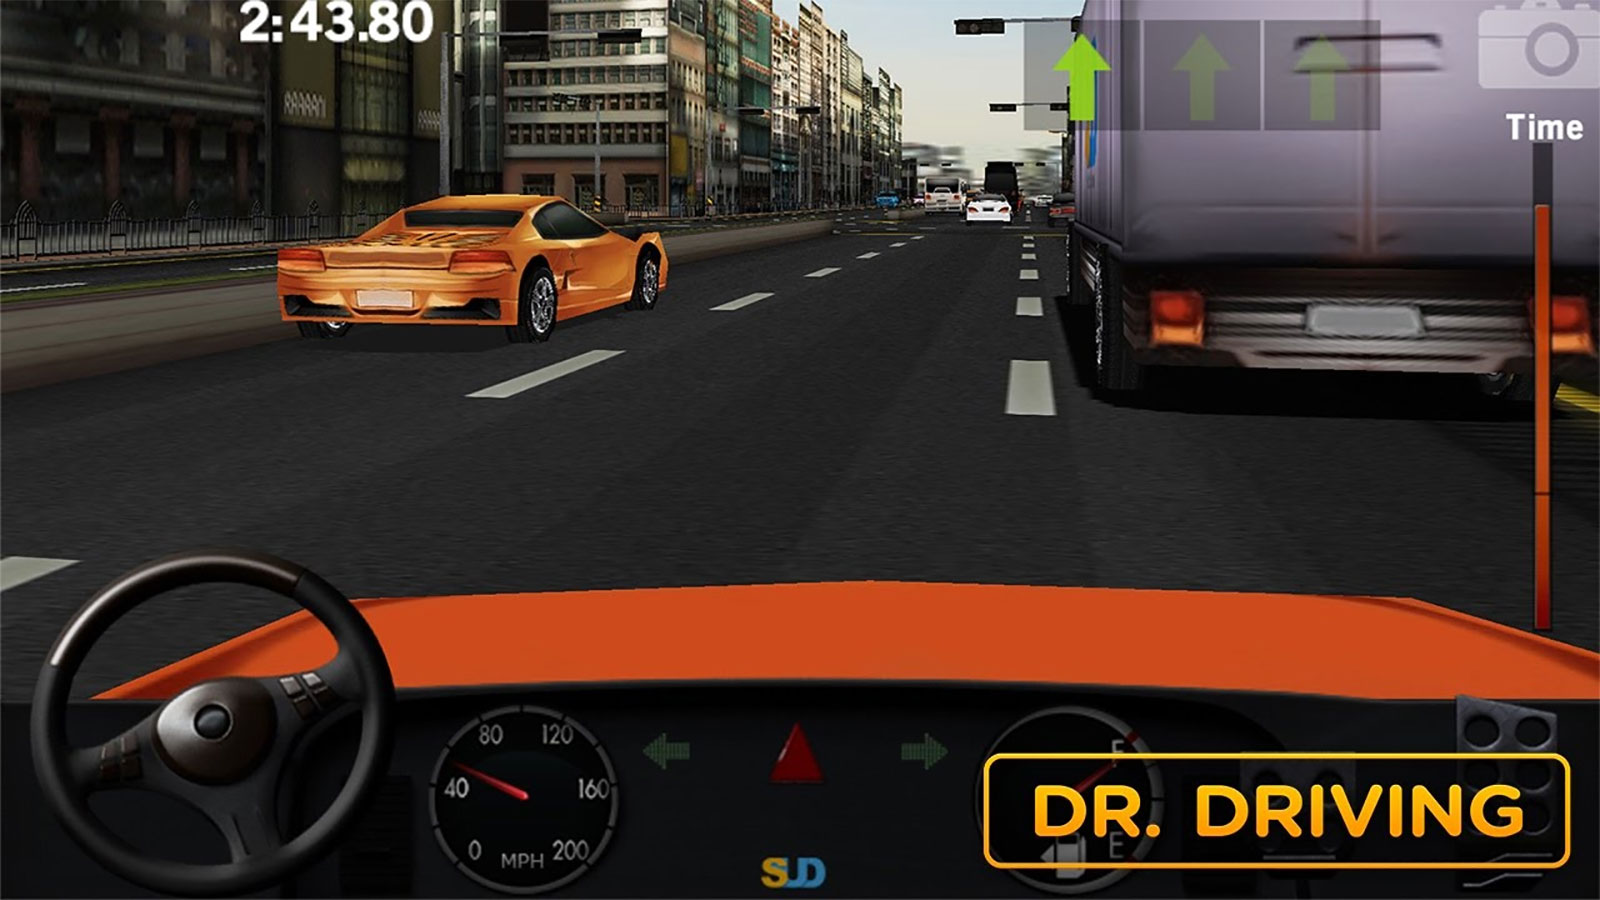 dr driving game download apk
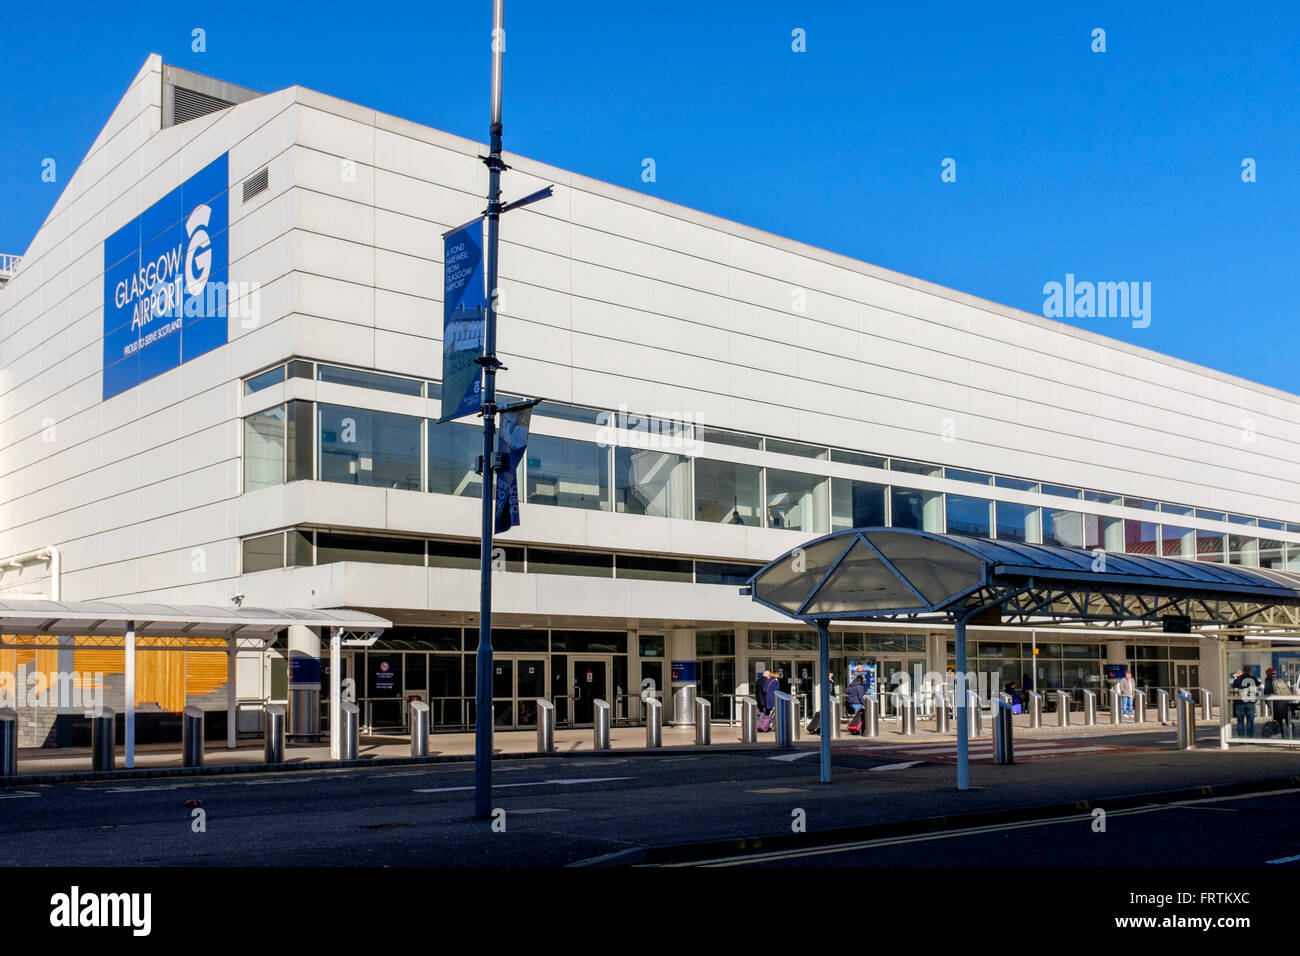 Terminal building of Glasgow Airport, Scotland, UK Stock Photo
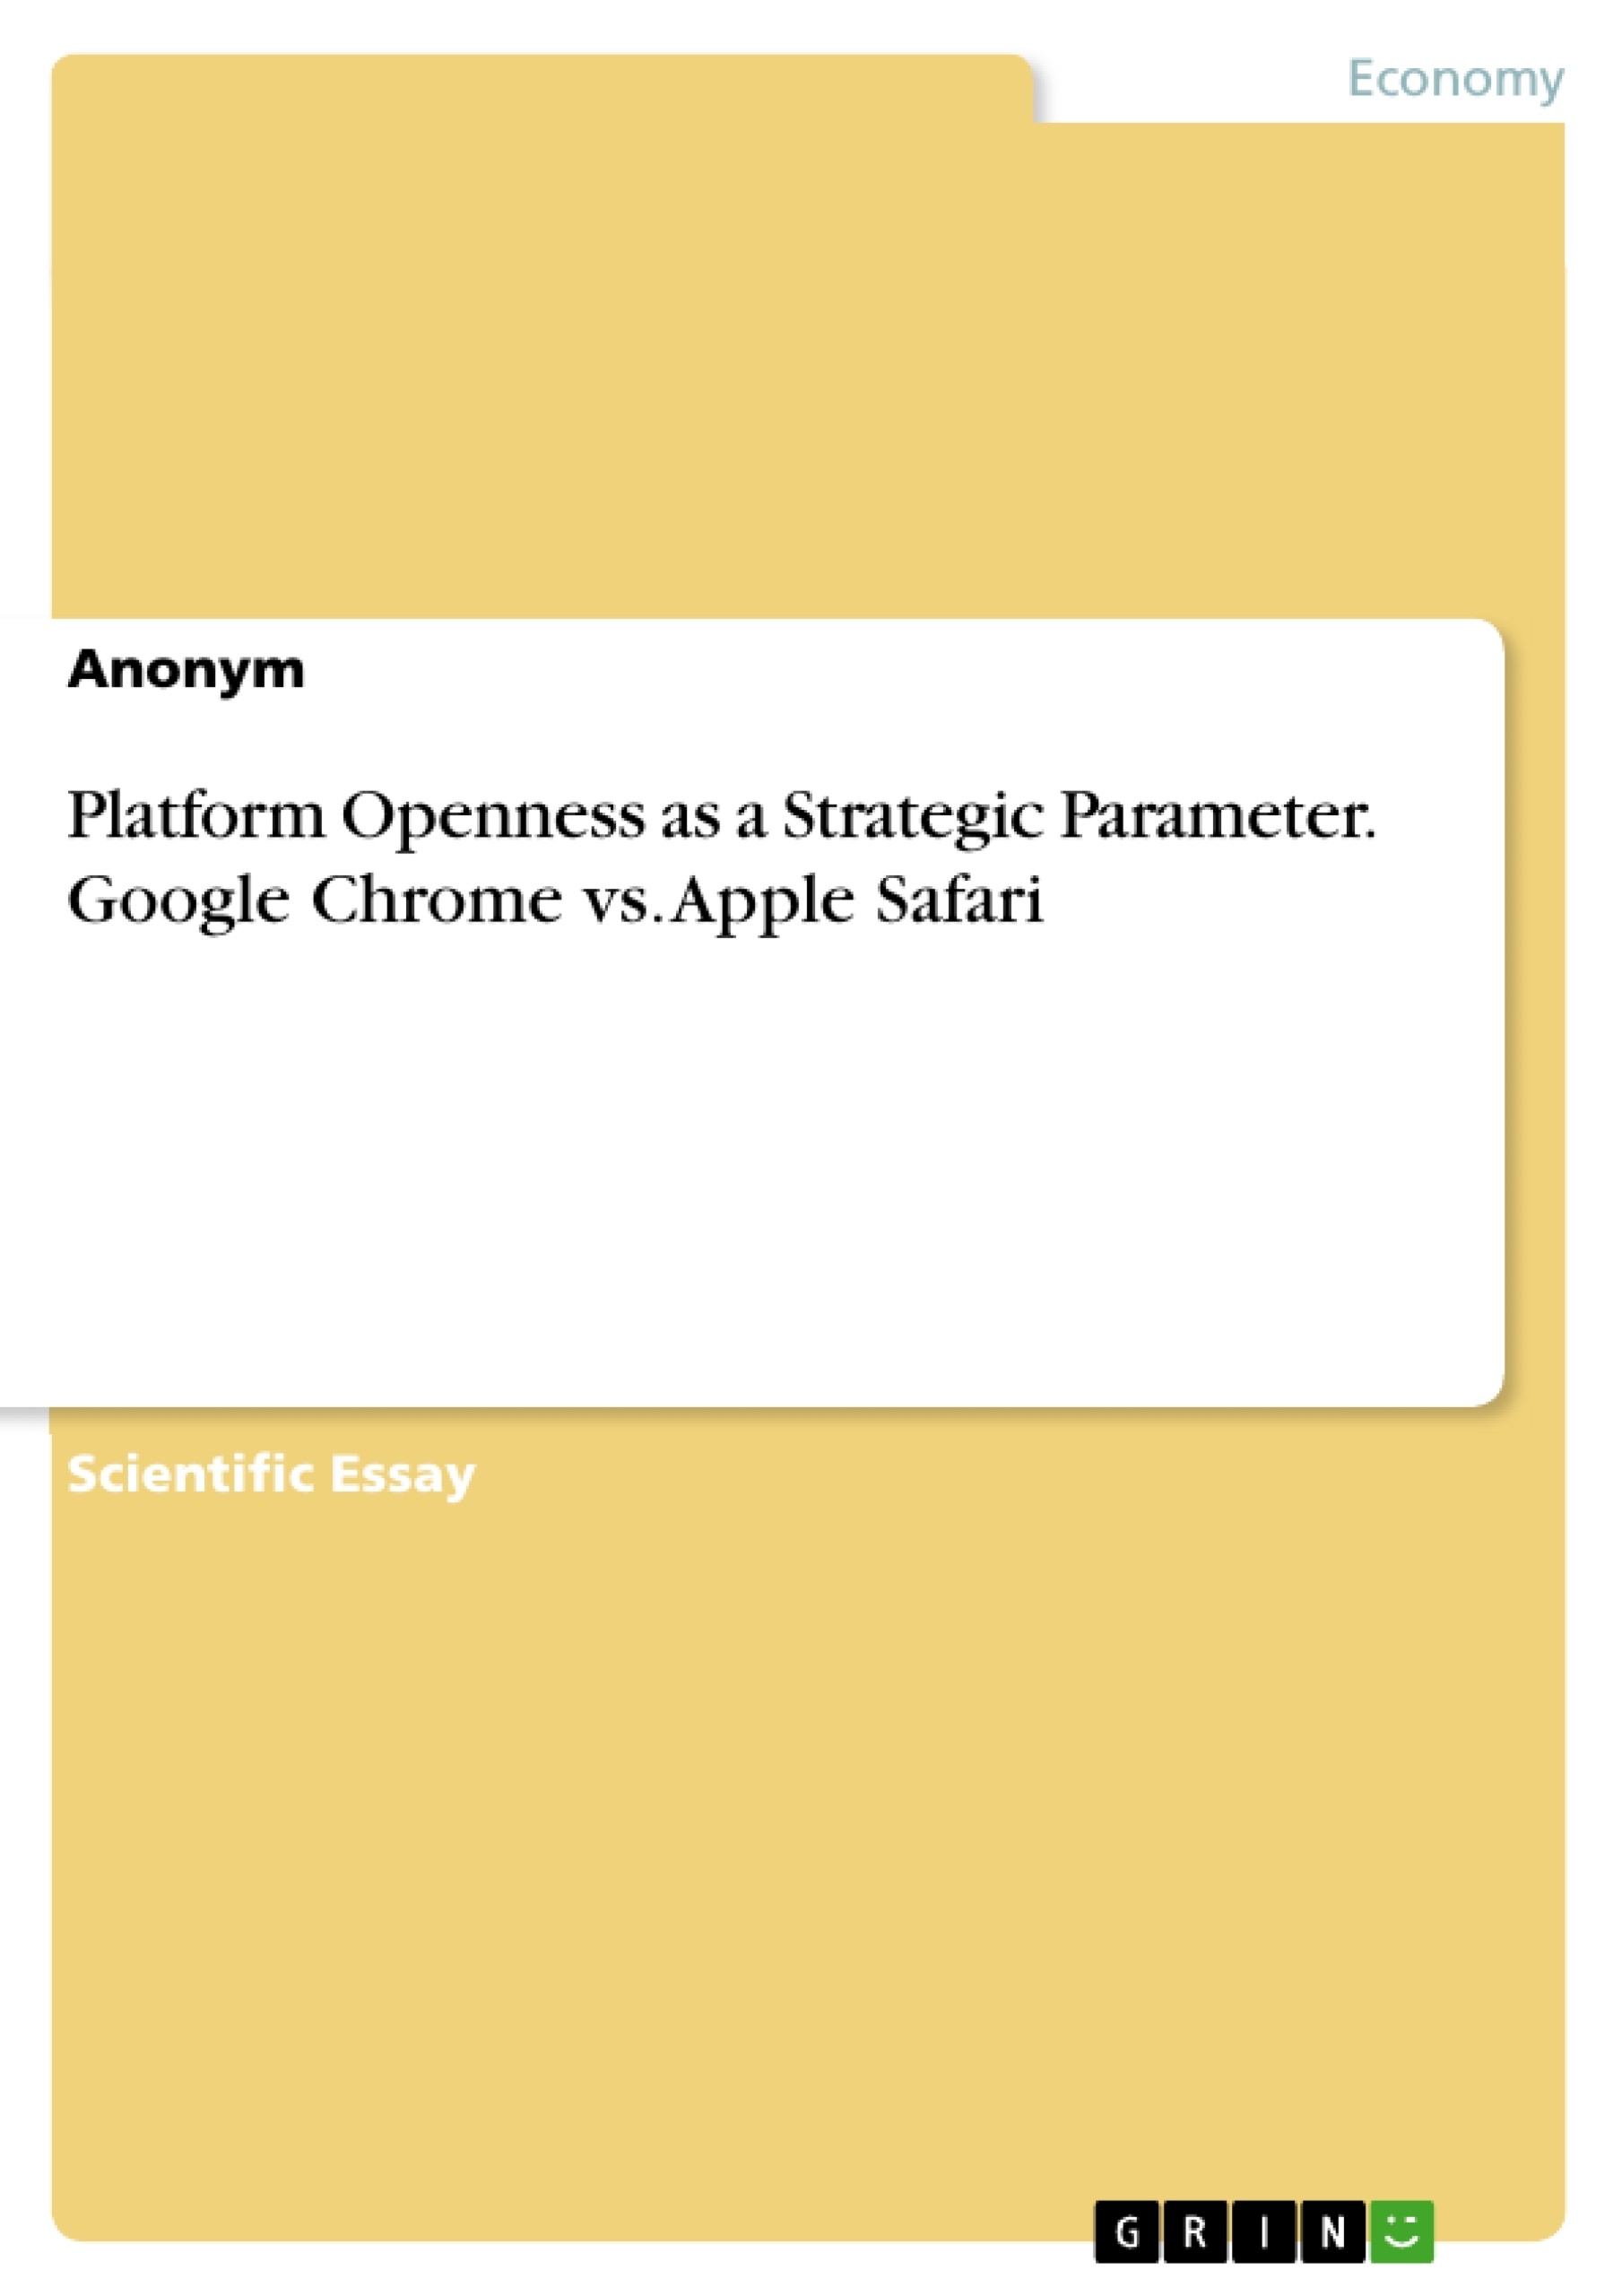 Title: Platform Openness as a Strategic Parameter. Google Chrome vs. Apple Safari
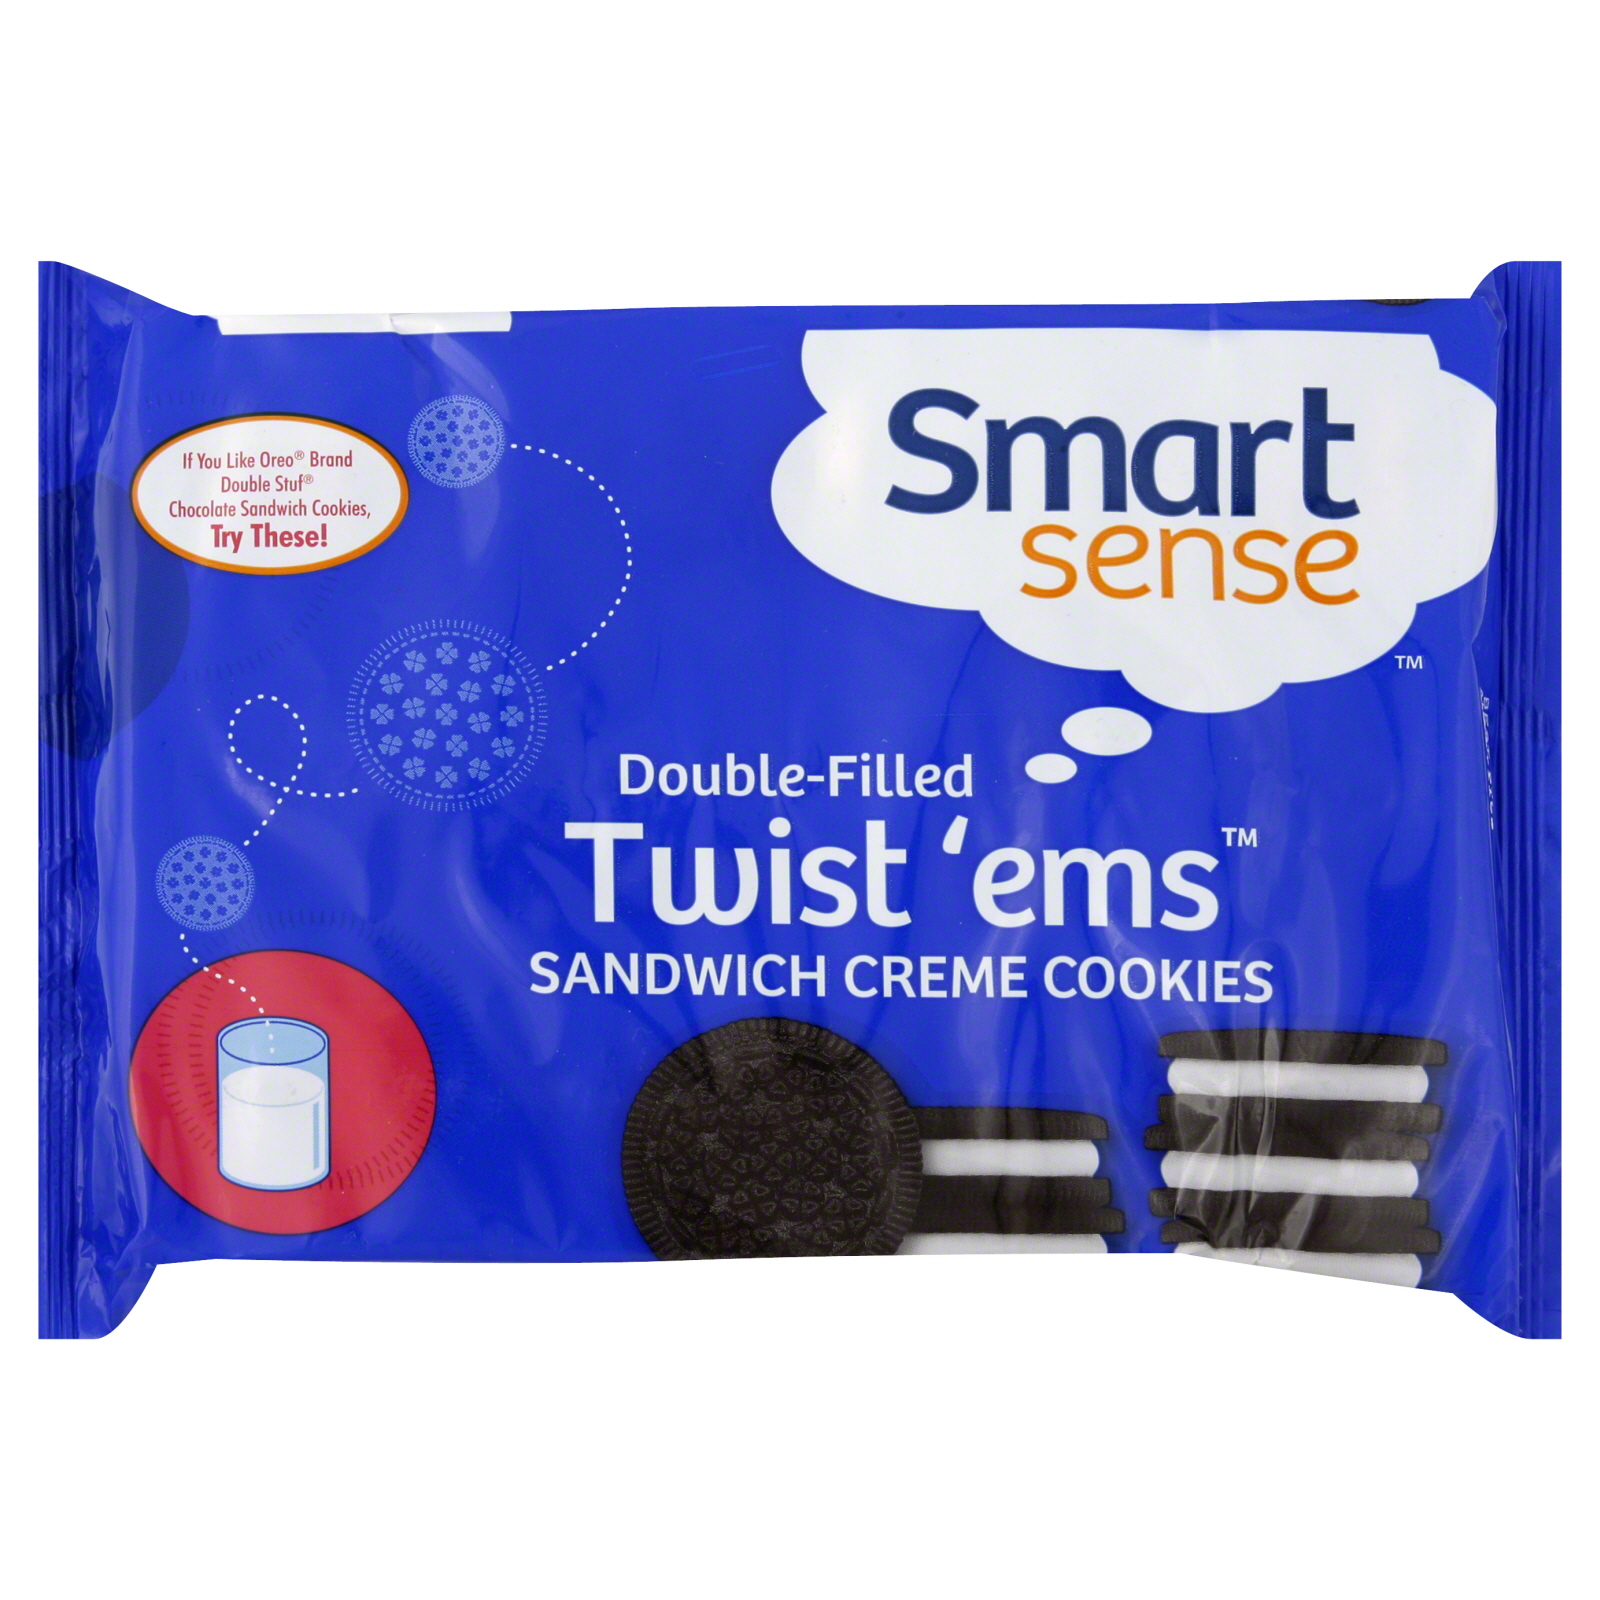 Smart Sense Cookies, Sandwich Creme, Double-Filled, Twist 'ems 18 oz (1 lb 2 oz) 510 g
++++
How to complete this task.
In the copy, omit the pictures and give every line of the data exactly.

Answer to this problem.
 dr driving game download apk
 Terminal building of Glasgow Airport, Scotland, UK Stock Photo
 Title: Platform Openness as a Strategic Parameter. Google Chrome vs. Apple Safari
 Smart Sense Cookies, Sandwich Creme, Double-Filled, Twist 'ems 18 oz (1 lb 2 oz) 510 g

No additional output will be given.